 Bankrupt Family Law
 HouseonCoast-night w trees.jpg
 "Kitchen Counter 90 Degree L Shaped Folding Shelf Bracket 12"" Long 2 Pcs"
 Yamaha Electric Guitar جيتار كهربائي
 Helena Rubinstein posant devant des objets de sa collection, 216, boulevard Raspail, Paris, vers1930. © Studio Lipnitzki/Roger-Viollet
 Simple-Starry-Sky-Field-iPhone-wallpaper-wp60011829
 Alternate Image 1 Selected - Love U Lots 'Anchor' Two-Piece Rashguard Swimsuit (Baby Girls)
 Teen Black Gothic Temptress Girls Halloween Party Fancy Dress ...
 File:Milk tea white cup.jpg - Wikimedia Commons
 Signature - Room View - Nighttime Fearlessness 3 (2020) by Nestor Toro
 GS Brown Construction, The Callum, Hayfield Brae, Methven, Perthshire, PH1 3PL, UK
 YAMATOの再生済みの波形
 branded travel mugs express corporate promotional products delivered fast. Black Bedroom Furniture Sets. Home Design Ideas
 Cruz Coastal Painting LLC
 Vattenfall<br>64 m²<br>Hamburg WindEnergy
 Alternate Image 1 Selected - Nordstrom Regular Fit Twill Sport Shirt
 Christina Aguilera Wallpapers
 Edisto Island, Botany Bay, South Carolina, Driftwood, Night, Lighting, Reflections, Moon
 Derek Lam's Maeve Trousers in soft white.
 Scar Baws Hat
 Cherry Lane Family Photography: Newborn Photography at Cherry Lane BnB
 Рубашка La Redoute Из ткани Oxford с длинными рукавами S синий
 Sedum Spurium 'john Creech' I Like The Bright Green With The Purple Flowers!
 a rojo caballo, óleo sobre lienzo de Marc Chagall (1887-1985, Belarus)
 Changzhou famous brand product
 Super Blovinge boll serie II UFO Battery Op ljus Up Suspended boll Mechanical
= = = = = = =
**Problem details**: Up to and including the last line of the material, reproduce every line exactly, beginning with the one that contains "branded travel mugs" and adding nothing else.

**Final answer**:
 branded travel mugs express corporate promotional products delivered fast. Black Bedroom Furniture Sets. Home Design Ideas
 Cruz Coastal Painting LLC
 Vattenfall<br>64 m²<br>Hamburg WindEnergy
 Alternate Image 1 Selected - Nordstrom Regular Fit Twill Sport Shirt
 Christina Aguilera Wallpapers
 Edisto Island, Botany Bay, South Carolina, Driftwood, Night, Lighting, Reflections, Moon
 Derek Lam's Maeve Trousers in soft white.
 Scar Baws Hat
 Cherry Lane Family Photography: Newborn Photography at Cherry Lane BnB
 Рубашка La Redoute Из ткани Oxford с длинными рукавами S синий
 Sedum Spurium 'john Creech' I Like The Bright Green With The Purple Flowers!
 a rojo caballo, óleo sobre lienzo de Marc Chagall (1887-1985, Belarus)
 Changzhou famous brand product
 Super Blovinge boll serie II UFO Battery Op ljus Up Suspended boll Mechanical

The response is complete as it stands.